### INPUT RECORDS
----

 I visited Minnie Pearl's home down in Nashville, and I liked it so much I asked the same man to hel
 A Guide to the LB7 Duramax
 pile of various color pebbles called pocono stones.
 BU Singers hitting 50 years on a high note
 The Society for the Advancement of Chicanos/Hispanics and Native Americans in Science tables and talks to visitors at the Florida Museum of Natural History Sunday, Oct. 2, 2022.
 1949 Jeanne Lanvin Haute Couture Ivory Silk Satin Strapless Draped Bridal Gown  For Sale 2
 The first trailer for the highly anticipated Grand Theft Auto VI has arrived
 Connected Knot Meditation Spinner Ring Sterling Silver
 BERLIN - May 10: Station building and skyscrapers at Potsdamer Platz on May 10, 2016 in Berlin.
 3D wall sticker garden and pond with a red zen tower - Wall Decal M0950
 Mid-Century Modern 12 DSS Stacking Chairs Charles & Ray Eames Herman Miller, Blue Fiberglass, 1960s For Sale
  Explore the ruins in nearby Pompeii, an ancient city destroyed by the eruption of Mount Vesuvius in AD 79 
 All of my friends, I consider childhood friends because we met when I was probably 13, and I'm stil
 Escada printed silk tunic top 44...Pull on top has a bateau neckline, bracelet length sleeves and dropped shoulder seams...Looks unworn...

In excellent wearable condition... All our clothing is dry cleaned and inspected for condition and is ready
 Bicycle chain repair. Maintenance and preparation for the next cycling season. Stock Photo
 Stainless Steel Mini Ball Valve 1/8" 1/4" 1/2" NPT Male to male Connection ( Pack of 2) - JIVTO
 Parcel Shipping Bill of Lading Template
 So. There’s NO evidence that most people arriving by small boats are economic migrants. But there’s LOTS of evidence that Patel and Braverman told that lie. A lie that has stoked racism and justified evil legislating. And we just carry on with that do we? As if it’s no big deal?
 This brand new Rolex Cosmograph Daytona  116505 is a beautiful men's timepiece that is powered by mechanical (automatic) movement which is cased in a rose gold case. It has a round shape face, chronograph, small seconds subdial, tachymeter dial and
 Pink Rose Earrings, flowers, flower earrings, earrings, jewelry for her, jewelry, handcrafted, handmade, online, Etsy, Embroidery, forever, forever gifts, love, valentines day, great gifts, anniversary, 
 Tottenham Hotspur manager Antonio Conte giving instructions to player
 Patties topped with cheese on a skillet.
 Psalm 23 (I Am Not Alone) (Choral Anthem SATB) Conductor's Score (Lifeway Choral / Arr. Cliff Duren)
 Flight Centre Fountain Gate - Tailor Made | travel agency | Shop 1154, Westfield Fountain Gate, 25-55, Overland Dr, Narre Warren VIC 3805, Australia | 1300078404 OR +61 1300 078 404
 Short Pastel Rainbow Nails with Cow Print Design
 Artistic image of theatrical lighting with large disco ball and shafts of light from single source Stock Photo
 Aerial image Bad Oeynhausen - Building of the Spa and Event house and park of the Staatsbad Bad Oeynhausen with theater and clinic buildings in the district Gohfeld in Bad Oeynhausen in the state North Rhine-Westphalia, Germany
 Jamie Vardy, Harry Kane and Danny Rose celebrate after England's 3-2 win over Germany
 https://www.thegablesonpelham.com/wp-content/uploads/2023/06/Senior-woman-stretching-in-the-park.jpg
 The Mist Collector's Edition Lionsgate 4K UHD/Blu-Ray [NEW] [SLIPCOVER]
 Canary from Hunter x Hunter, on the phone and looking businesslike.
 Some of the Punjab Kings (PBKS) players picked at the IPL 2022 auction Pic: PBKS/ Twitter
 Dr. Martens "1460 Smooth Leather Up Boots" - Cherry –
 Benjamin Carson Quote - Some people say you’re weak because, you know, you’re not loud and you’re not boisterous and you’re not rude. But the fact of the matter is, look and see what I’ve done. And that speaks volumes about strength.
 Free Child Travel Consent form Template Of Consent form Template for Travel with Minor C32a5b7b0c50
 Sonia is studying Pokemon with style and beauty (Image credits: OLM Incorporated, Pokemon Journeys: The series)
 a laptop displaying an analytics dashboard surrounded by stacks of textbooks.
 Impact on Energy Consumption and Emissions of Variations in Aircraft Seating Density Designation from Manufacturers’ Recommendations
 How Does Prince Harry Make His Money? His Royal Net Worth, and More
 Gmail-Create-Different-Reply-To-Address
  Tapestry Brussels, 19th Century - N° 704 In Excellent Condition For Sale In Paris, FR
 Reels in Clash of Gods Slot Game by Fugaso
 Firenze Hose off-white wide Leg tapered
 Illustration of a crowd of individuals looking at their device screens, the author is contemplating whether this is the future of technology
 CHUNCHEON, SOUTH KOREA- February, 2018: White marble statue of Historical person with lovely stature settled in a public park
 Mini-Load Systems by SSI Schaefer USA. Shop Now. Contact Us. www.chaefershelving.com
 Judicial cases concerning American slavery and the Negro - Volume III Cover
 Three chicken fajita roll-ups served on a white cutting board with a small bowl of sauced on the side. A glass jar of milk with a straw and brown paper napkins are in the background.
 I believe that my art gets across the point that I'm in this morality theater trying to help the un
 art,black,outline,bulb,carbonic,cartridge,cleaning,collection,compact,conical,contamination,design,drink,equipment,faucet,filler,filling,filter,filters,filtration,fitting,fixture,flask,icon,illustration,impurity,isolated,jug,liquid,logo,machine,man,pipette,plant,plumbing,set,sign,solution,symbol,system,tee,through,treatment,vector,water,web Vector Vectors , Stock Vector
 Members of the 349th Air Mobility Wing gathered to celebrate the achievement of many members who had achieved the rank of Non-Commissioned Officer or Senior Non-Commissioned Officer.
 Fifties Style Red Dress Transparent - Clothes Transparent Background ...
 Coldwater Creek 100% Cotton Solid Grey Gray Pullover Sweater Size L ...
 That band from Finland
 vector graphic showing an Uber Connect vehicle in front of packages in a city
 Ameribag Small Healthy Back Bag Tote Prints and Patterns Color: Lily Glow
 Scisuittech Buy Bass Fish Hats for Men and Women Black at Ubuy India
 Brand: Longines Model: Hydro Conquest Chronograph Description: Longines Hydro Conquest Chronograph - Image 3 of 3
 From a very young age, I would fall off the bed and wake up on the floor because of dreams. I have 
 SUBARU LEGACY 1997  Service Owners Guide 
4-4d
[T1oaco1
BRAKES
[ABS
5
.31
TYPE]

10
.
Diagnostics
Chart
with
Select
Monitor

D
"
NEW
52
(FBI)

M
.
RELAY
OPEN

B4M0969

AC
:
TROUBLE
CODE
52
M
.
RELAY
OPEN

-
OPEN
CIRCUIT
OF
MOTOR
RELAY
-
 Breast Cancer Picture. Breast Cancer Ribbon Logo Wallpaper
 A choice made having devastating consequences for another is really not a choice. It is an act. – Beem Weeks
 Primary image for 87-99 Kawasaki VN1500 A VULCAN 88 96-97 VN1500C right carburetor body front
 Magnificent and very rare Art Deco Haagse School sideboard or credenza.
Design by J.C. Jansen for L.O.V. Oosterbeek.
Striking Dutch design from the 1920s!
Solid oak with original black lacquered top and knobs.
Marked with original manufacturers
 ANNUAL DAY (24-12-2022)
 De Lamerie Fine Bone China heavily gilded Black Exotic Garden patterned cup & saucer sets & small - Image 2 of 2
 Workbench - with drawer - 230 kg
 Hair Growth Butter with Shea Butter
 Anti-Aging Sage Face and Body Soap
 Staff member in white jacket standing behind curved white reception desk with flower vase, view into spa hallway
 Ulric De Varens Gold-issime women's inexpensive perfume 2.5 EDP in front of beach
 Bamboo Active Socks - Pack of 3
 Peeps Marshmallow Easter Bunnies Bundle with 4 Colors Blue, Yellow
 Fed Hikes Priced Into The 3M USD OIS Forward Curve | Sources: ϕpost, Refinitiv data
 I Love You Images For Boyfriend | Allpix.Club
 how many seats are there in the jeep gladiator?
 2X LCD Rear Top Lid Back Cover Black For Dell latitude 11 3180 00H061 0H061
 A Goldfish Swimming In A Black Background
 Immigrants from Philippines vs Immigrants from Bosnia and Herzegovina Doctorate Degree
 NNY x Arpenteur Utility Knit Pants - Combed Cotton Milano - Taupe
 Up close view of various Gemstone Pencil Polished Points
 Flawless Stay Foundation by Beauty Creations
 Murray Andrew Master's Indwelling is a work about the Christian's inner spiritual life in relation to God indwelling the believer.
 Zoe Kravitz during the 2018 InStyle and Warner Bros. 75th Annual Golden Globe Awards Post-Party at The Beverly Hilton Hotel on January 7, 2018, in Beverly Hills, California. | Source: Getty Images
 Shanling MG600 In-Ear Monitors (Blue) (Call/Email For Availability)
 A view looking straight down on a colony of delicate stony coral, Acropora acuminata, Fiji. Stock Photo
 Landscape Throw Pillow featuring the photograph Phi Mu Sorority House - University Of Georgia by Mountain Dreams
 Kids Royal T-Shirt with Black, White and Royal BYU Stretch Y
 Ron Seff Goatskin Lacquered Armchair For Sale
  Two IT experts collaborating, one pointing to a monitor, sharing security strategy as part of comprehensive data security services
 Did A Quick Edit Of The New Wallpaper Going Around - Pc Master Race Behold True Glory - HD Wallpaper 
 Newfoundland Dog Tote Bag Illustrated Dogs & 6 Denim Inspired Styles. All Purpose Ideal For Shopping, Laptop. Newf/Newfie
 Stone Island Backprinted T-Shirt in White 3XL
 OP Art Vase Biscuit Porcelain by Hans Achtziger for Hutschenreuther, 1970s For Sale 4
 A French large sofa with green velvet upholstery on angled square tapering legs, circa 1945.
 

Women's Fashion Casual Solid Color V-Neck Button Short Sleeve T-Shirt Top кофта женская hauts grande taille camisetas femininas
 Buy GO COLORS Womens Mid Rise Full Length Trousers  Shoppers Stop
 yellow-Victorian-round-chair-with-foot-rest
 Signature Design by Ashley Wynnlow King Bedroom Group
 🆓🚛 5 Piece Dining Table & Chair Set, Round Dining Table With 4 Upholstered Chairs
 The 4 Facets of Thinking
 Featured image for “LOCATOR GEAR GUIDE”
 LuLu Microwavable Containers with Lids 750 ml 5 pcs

----

Your answer should consist solely of the lines above from the line with "The Mist Collector's" to the line with "Impact on Energy", both included, reproduced exactly.

### EXPECTED OUTPUT
 The Mist Collector's Edition Lionsgate 4K UHD/Blu-Ray [NEW] [SLIPCOVER]
 Canary from Hunter x Hunter, on the phone and looking businesslike.
 Some of the Punjab Kings (PBKS) players picked at the IPL 2022 auction Pic: PBKS/ Twitter
 Dr. Martens "1460 Smooth Leather Up Boots" - Cherry –
 Benjamin Carson Quote - Some people say you’re weak because, you know, you’re not loud and you’re not boisterous and you’re not rude. But the fact of the matter is, look and see what I’ve done. And that speaks volumes about strength.
 Free Child Travel Consent form Template Of Consent form Template for Travel with Minor C32a5b7b0c50
 Sonia is studying Pokemon with style and beauty (Image credits: OLM Incorporated, Pokemon Journeys: The series)
 a laptop displaying an analytics dashboard surrounded by stacks of textbooks.
 Impact on Energy Consumption and Emissions of Variations in Aircraft Seating Density Designation from Manufacturers’ Recommendations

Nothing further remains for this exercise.